• **Work to complete**
Count how many lines hold "những" in the records, and respond with that number by itself.

[Items from a dataset]
────

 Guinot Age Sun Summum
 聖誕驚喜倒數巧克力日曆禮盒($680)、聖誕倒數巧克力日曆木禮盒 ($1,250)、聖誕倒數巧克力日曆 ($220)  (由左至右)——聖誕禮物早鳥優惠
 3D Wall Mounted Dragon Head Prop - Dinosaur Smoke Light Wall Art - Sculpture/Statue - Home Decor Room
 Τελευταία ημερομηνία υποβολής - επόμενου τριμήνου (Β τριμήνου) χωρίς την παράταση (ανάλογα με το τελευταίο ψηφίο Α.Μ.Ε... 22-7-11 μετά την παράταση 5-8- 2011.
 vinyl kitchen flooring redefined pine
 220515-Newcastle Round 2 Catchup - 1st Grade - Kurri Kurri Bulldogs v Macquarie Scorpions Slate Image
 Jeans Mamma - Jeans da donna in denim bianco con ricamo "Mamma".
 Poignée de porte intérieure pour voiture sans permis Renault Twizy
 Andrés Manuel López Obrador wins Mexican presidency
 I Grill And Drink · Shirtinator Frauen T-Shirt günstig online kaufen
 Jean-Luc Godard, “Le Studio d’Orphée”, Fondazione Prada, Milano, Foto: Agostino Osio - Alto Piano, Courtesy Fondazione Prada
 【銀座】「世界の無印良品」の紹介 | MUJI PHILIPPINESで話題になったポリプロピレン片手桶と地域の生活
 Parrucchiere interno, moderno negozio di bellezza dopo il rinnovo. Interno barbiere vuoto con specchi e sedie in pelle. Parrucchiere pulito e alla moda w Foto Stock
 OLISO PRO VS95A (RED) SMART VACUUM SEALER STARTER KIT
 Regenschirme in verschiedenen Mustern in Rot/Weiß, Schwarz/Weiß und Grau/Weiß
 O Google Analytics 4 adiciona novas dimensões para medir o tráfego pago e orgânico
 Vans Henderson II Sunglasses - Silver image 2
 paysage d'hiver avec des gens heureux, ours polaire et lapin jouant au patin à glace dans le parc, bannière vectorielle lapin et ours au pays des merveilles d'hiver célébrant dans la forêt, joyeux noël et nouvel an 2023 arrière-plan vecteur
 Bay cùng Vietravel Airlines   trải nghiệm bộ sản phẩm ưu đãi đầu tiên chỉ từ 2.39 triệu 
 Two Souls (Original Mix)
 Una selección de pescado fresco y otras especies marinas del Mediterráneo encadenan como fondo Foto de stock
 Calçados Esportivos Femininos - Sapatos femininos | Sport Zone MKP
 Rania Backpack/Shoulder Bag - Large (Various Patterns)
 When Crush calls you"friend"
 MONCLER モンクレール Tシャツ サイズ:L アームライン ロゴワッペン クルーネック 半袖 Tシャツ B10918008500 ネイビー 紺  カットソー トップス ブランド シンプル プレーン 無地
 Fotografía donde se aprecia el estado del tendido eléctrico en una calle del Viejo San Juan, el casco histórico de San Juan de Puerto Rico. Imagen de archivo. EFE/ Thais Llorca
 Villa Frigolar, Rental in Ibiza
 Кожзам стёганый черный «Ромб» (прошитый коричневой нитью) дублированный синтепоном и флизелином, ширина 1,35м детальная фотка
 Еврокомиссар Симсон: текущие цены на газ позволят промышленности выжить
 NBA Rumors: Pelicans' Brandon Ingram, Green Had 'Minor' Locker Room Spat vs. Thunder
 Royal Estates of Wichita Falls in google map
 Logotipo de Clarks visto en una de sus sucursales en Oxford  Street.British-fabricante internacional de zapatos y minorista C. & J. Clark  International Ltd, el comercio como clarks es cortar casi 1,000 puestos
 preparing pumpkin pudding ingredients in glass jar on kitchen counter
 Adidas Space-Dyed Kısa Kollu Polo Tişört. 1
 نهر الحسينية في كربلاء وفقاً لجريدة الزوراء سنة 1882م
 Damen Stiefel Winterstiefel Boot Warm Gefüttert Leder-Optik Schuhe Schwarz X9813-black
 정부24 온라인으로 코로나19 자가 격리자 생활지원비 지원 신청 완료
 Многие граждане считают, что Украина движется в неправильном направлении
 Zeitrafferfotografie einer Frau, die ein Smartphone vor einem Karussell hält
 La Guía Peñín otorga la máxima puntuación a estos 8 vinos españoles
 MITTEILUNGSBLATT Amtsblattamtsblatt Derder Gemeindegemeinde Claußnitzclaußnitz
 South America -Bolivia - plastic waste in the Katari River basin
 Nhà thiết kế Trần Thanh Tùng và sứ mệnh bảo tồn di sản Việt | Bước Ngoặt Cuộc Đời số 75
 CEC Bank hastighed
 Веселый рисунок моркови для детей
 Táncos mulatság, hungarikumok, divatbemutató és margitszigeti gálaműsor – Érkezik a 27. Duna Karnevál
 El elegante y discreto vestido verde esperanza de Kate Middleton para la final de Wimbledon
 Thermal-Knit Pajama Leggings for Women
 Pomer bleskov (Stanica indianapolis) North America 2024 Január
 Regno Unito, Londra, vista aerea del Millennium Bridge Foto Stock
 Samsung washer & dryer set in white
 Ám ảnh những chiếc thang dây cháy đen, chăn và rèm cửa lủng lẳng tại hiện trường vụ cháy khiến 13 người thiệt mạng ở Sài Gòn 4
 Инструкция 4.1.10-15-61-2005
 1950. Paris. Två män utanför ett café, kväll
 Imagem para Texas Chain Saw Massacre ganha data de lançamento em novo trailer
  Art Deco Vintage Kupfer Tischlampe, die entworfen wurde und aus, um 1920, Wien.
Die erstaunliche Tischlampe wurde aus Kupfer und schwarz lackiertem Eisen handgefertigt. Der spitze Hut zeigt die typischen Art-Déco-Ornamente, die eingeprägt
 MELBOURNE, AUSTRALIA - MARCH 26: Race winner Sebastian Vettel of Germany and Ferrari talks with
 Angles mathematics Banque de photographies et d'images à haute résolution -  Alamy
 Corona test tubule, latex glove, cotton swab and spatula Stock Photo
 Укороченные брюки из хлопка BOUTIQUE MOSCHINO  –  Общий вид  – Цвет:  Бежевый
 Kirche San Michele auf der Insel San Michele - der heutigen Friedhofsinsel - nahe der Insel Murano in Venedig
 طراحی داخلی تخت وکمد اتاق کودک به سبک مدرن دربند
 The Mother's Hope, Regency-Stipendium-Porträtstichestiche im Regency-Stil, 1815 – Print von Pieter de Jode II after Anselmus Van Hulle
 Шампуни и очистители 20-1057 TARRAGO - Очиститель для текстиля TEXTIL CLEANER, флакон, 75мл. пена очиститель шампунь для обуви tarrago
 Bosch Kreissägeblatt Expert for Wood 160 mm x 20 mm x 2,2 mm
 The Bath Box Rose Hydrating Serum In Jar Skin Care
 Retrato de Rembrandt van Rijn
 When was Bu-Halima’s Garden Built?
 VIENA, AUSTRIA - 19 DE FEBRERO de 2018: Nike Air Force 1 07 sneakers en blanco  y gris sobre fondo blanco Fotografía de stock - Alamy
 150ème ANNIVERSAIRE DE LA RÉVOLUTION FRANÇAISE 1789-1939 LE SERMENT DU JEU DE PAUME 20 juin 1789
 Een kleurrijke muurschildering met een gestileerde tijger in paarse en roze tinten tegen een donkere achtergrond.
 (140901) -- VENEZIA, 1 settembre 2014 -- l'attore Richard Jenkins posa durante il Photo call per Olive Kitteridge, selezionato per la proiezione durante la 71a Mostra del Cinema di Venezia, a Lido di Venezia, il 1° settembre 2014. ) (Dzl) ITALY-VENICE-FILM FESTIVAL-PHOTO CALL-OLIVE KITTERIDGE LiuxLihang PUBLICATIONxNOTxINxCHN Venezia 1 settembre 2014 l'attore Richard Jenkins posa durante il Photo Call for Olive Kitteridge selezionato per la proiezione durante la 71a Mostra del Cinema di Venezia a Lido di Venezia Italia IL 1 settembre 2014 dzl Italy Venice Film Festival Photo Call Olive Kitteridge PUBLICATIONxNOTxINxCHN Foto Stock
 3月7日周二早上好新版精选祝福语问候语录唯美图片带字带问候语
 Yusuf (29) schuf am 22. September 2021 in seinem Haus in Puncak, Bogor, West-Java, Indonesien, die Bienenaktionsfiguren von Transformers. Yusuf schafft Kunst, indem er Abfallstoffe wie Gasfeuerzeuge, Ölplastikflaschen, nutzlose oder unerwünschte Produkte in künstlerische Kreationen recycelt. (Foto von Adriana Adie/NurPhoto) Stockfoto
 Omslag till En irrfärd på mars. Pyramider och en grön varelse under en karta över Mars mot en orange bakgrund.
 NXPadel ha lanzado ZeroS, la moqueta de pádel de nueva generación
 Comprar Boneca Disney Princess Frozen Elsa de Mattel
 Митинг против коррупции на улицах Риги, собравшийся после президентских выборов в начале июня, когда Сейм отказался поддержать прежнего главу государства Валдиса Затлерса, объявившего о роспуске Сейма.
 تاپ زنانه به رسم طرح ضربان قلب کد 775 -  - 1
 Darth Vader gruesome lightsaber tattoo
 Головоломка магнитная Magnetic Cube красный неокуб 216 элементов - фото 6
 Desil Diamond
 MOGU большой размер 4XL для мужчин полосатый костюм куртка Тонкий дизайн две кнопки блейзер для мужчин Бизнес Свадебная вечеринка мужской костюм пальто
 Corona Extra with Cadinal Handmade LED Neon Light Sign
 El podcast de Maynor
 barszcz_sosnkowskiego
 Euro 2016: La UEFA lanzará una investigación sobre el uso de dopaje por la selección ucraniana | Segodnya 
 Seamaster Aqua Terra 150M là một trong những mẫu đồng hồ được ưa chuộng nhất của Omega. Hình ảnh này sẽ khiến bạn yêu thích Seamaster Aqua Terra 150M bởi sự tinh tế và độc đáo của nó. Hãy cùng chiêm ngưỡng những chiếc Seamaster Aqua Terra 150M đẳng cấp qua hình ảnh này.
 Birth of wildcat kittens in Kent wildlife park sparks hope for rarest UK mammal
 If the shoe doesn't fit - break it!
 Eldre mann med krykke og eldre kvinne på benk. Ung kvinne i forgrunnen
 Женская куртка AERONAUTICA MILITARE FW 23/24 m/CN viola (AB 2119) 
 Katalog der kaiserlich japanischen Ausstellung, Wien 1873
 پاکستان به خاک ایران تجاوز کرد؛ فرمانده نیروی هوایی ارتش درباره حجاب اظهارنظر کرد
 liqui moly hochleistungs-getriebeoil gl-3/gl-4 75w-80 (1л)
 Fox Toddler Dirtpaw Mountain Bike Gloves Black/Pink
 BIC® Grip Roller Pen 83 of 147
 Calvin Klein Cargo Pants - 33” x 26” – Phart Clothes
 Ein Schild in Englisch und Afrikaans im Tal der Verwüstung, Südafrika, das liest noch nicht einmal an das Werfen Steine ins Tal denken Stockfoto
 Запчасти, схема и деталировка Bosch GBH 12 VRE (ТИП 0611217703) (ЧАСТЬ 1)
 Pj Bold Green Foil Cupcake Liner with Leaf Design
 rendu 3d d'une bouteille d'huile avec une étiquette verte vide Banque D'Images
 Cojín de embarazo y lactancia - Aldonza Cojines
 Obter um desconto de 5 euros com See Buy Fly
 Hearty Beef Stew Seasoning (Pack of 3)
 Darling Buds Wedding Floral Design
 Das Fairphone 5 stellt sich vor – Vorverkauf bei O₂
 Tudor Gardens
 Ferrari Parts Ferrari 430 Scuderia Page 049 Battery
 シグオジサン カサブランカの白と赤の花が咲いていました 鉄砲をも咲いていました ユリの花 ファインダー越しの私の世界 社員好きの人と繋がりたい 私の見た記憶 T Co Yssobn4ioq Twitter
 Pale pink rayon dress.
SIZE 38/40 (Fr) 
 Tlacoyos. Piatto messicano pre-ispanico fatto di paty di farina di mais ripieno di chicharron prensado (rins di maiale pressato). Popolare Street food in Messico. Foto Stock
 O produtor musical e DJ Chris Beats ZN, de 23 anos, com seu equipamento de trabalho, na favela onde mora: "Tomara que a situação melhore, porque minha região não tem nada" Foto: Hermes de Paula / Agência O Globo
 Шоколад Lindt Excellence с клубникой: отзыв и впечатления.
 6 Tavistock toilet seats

────

• **Written answer**
2